王位継承を巡り、ナザリウスとルーカディアスの争いは激化するだろう。
――お父様は関わるなとおっしゃっていましたが。
おそらく、セイランにできることは何もない。
ウェンセムの婚約者故に掻き乱す可能性すらあった。
けれど、黙っていられるほど能天気にはなれなかった。
暗澹たる気持ちを抱きながら、フラウラの私室と王宮を繋ぐ中庭の小道を歩いていた時だった。
反対側から誰かがやって来る。
豪奢な衣服を纏った、酷く頬のこけた男だ。その後ろに数人の従者を連れている。
その顔には見覚えがあった。
セイランは慌てて道から逸れ、頭を下げた。
「誰だ貴様は」
影に徹したセイランに、冷たい声が降り注ぐ。
「国王陛下にご挨拶申し上げます。私は――」
「誰だと聞いている」
その荒々しく威圧的な声に、セイランの肩がびくりと揺れる。
記憶の彼とあまりにも乖離した態度だったからだ。
「……クラシェイド伯爵オケニール・クラシェイドの次女、セイラン・クラシェイドと申します」
「クラシェイドか」
あの小うるさい、と吐き捨てるように男は続けた。
彼はラウドニウド。
エルドガール王国の国王だ。
セイランは驚きのあまり言葉を失っていた。
彼女の知る国王は、このように荒々しい感情を表に出す人間ではなかったはずだ。
聡明で理知的。誰もが賢王だと讃える人だった。
「ウェンセム様のご婚約者です」
従者の一人がラウドニウドに耳打ちをする。
飛び抜けて背の高いこの男は、ロウザ・フェッセル。
彼は焦りを見せつつも、変わらず柔和な顔つきだ。
セイランは少しだけ心を落ち着かせる。
「ああ、ウェンセムの」
苛立ちに満ちていた顔はとたんに和らぎ、優しい微笑みへと変わる。
「ご機嫌よう。ウェンセムは元気かね?」
「はい、変わりなく過ごしております」
「おや、素敵な声だ。ウェンセムも君のそういうところが気に入っているのかもしれないなぁ」
「そうだと良いのですが……」
照れが顔に出たため、セイランは少し俯いた。
そんな彼女を見るラウドニウドの目は、日差しのように温かなものだった。
「呼び止めて悪かった。
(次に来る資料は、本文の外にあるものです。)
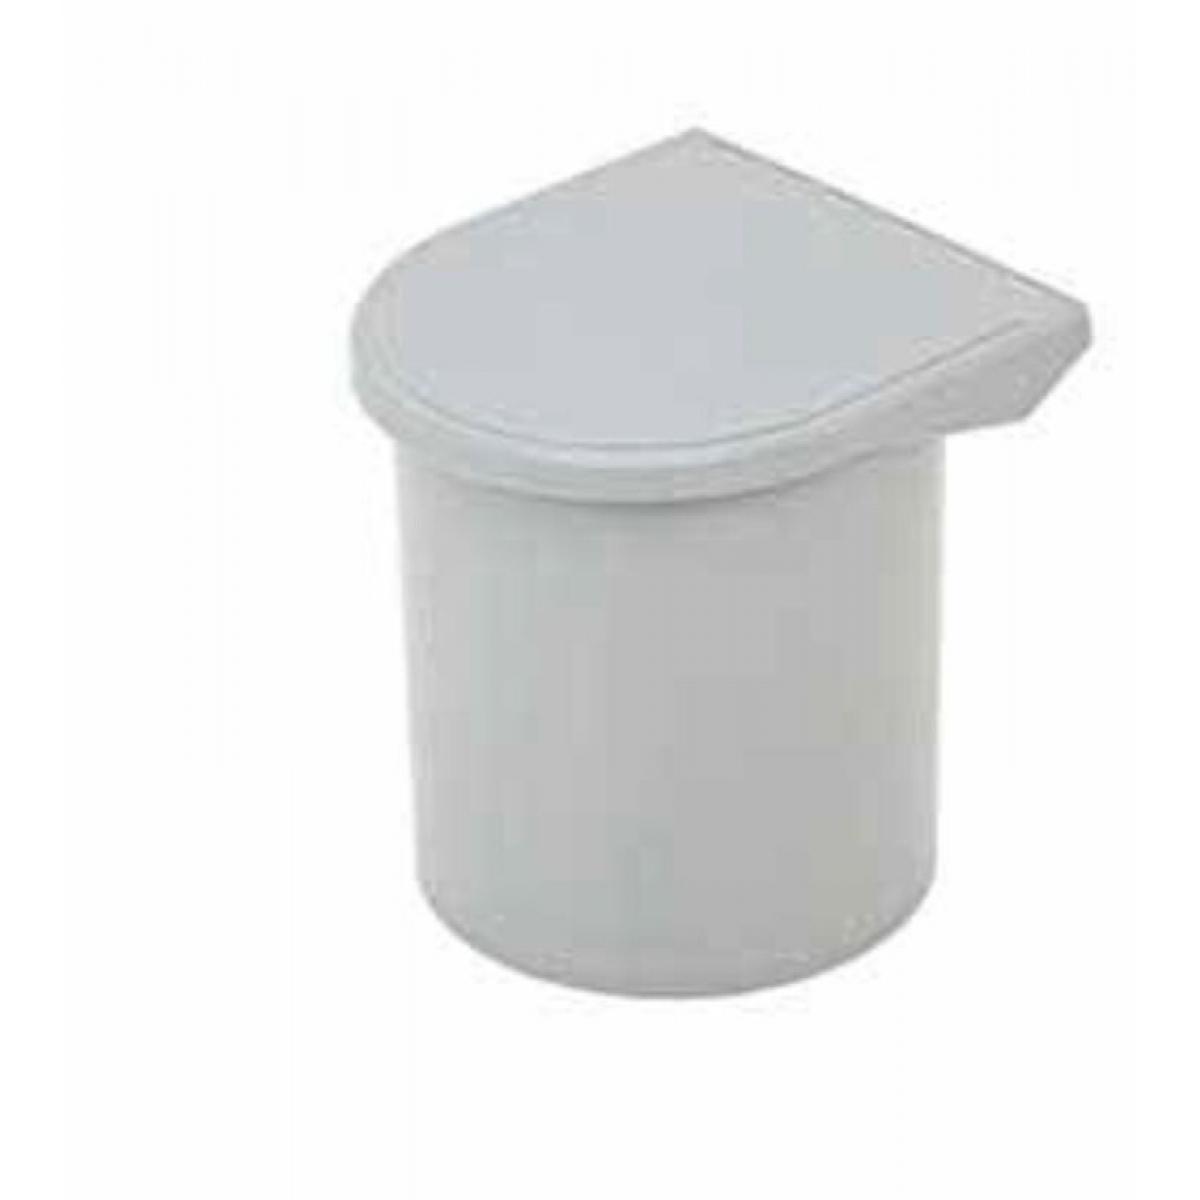 Ведро для базы от 400мм, 10л, пластик, *цвет- серый
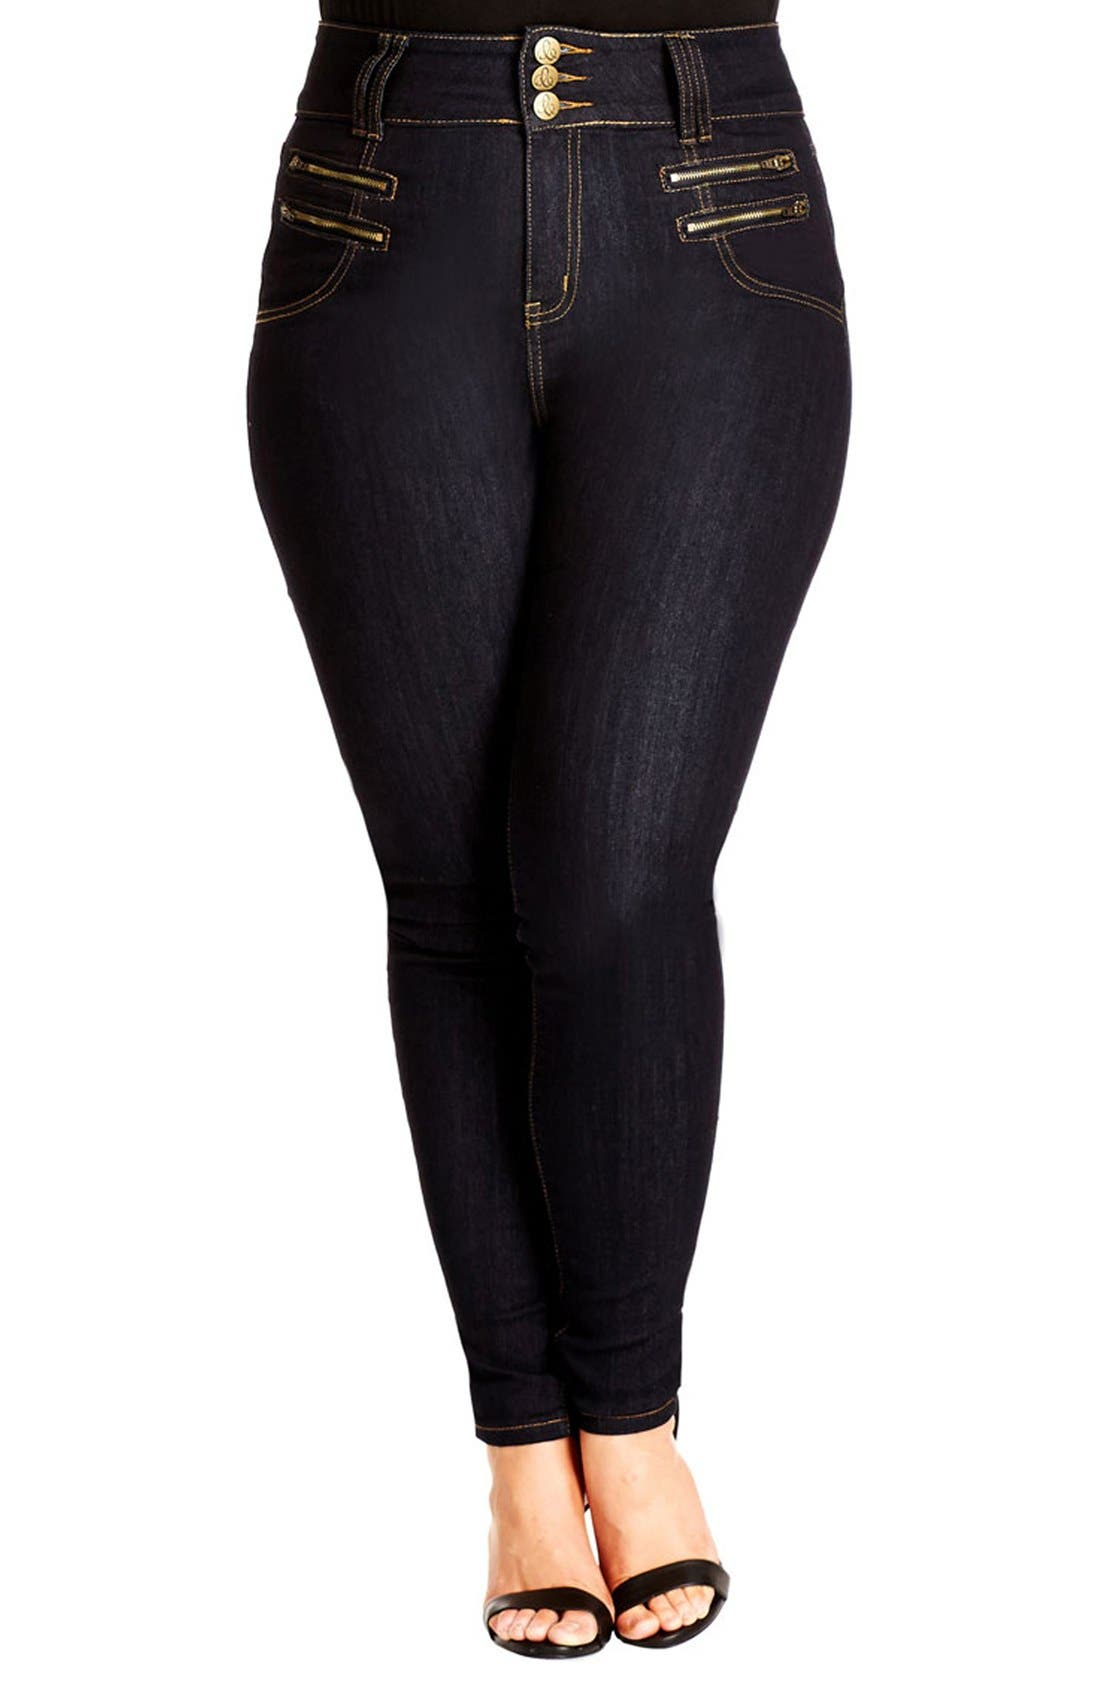 Main Image - City Chic 'Slim Me' Skinny Jeans (Dark Denim) (Plus Size)

フェッセル、送って差し上げろ」
「はい」
セイランが去り際の挨拶をする前に、ロウザは彼女を帰路に促した。
これ以上、ラウドニウドとの接触を避けるかのように。
「どうか、今日のことはお忘れください」
並んで歩くロウザは、困った顔でセイランに頼んだ。
その態度に、セイランは尋ねたい気持ちを飲み込んだ。
「ええ、私は何も見ませんでした」
その横顔は寂しい色を湛えている。
ラウドニウドと会話をしたのはこれが二度目だった。
一度目はセイランがまだ幼い頃、ケオニールを訪ねてクラシェイドの屋敷に彼が訪れた時のことだった。
"君がセイランだね"
"は、初めまして、ラウドニウド国王陛下"
国王を前にして顔を強張らせるセイランに、ラウドニウドは優しい眼差しを向けた。
それから少し会話をした。取り止めのない会話だ。
けれど低くその穏やかな声は心に染み渡り、セイランの記憶に深く刻まれた。
――あのお方を手本とさせていただいていましたのに。どうして。
どうしてあんなにも心が荒れていたのか。
あれはセイランが初めて見る彼の一面にすぎないのかもしれない。
けれど、まるで歯車が狂ったかのような、本来あるべき姿がねじ曲げられてしまったかのような、そんな印象を彼女は受けた。
「どうかお気になさらず」
暗くなったセイランに、ロウザは励ましの言葉を送った。
「我々にお任せください」
彼に言えるのはきっとそこまで。それ以上はもう口にできない。
「フェッセルさん……」
セイランは足を止め、ロウザを見上げた。
「少しお話できませんか?」
それは、何気ない思いつきだった。
昔のことを思い出し、暖かい気持ちに包まれたかっただけの、ほんの気まぐれだった。